Lady Chalford received her with an almost touching cordiality. ‘Dear child,’ she cried, ‘I have been thinking of you a great deal since Thursday – it is a very happy thing for me that you have come to Chalford. Why, I have not seen one of my relations since our tragedy – sixteen years ago. You must tell me a great deal of news – first of all, how is your dear mother?’

Poppy said that her dear mother was very well. She did not mention the painful fact that they had not been on speaking terms since Poppy’s marriage to Anthony St Julien. Lady Chalford then proceeded to inquire after innumerable collaterals, mentioning
aunts, uncles, and cousins, of whose existence Poppy was, in many cases, hardly herself aware.
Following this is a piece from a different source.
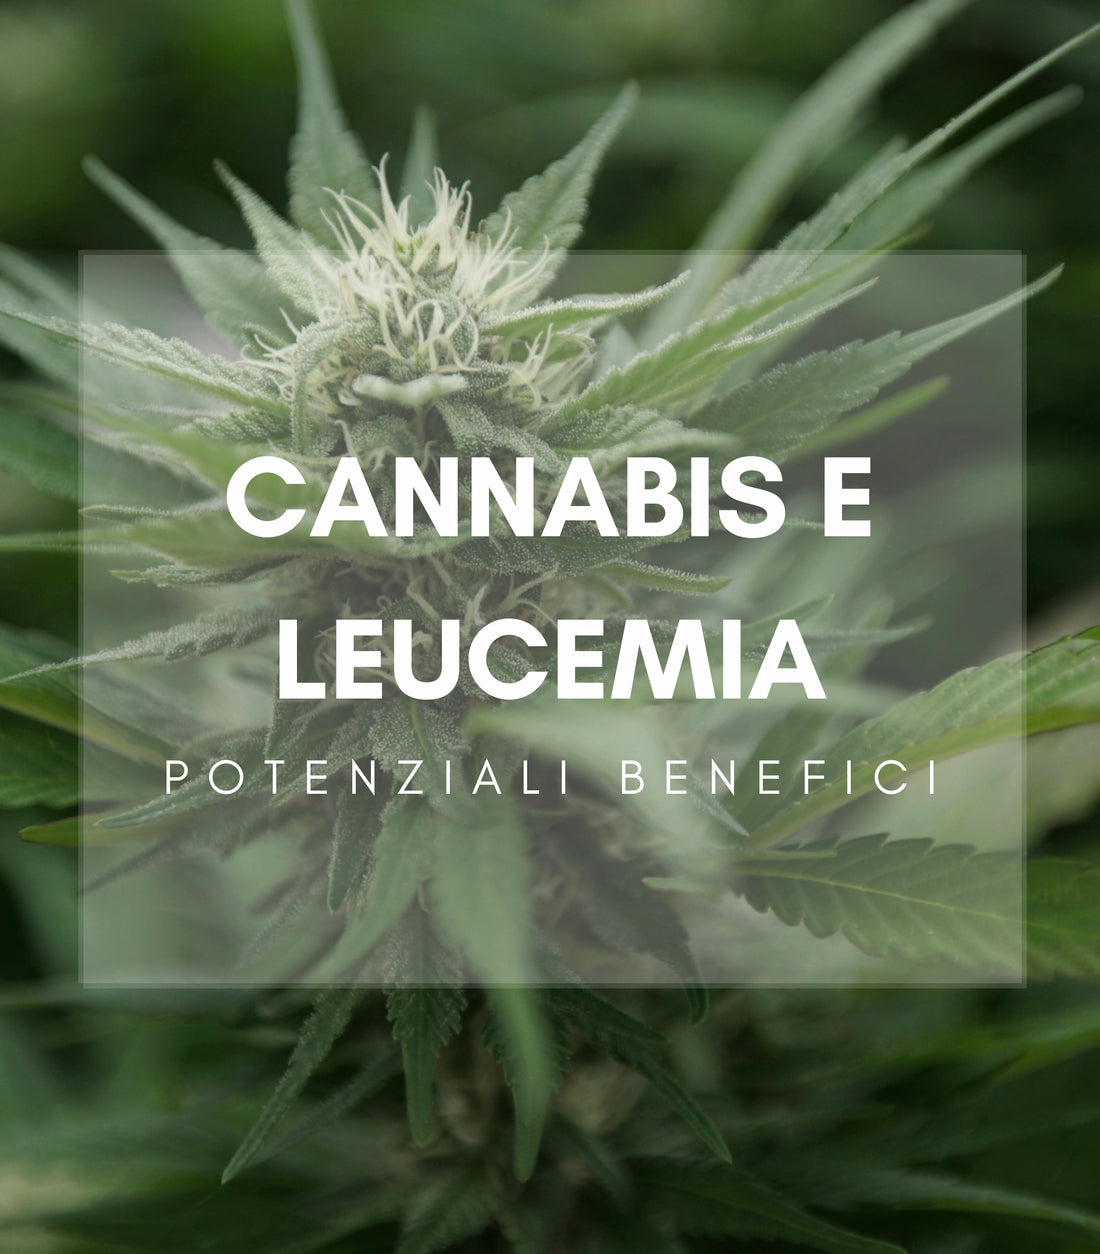 Potenziali benefici della Cannabis nel trattamento della Leucemia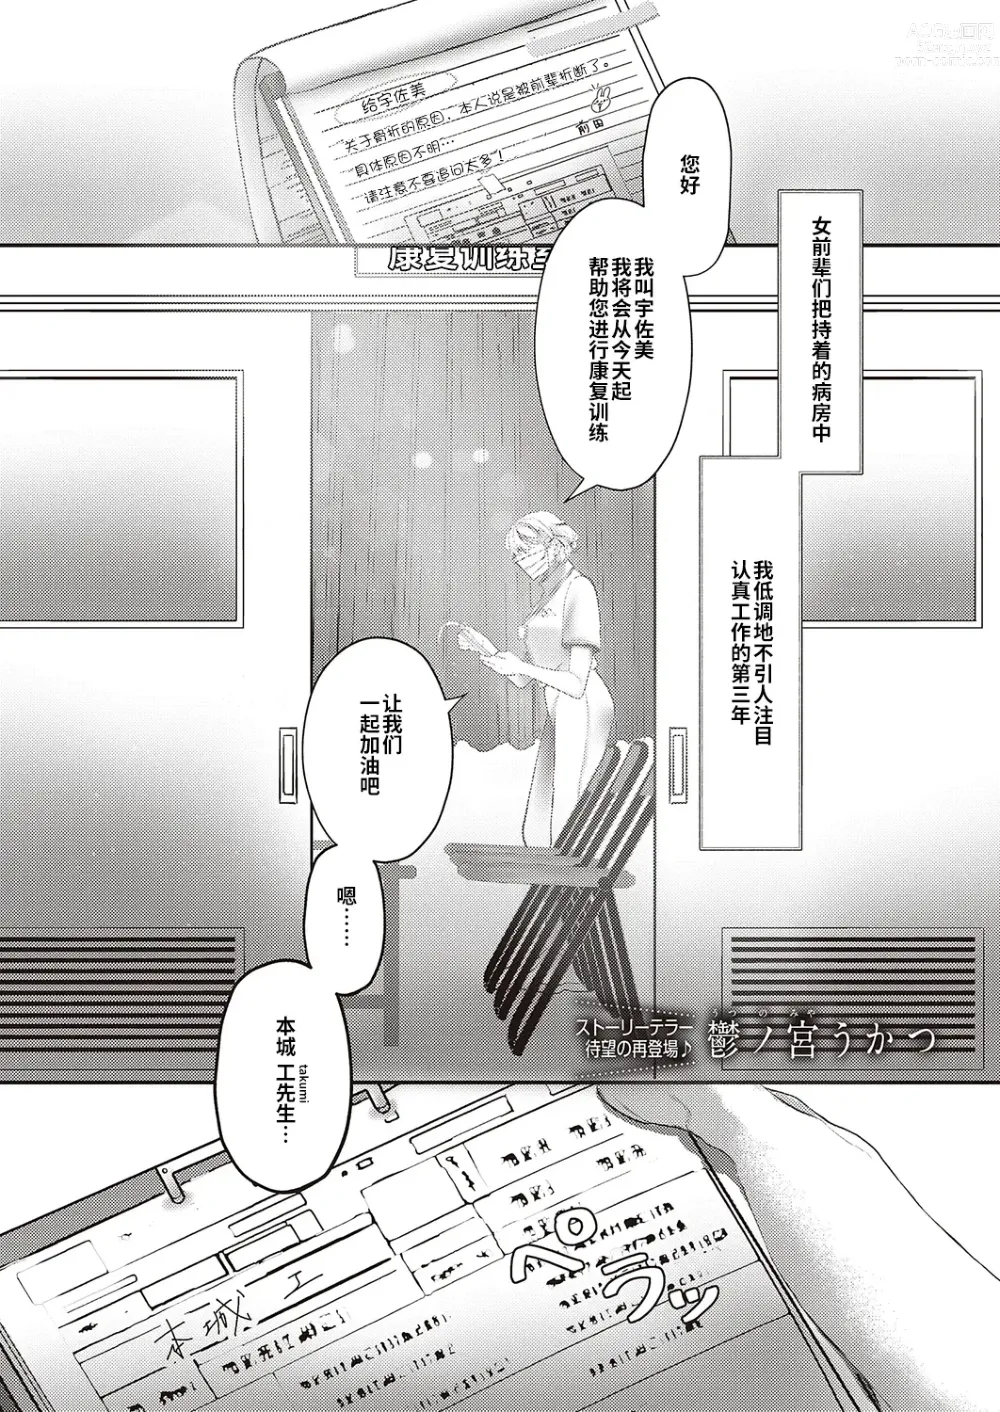 Page 1 of manga Rehabili

‘Dear child,’ Lady Chalford said, when Poppy was unable to throw any light on the health, happiness, or even the whereabouts of two of her own father’s first cousins, ‘you seem to be, as a family, sadly
décousu
, if I may say so.’

The old lady evidently carried in her head a vast family tree, not a birth, a death, or a marriage among the remotest of her connections seemed ever to have escaped her notice. Poppy thought it a sad thing that her extraordinary prejudice against so normal an eventuality as the fact of a divorce should have caused her to be shut away for ever from the world. She was evidently a woman who possessed an unusual capacity for affection and interest in the lives of other people.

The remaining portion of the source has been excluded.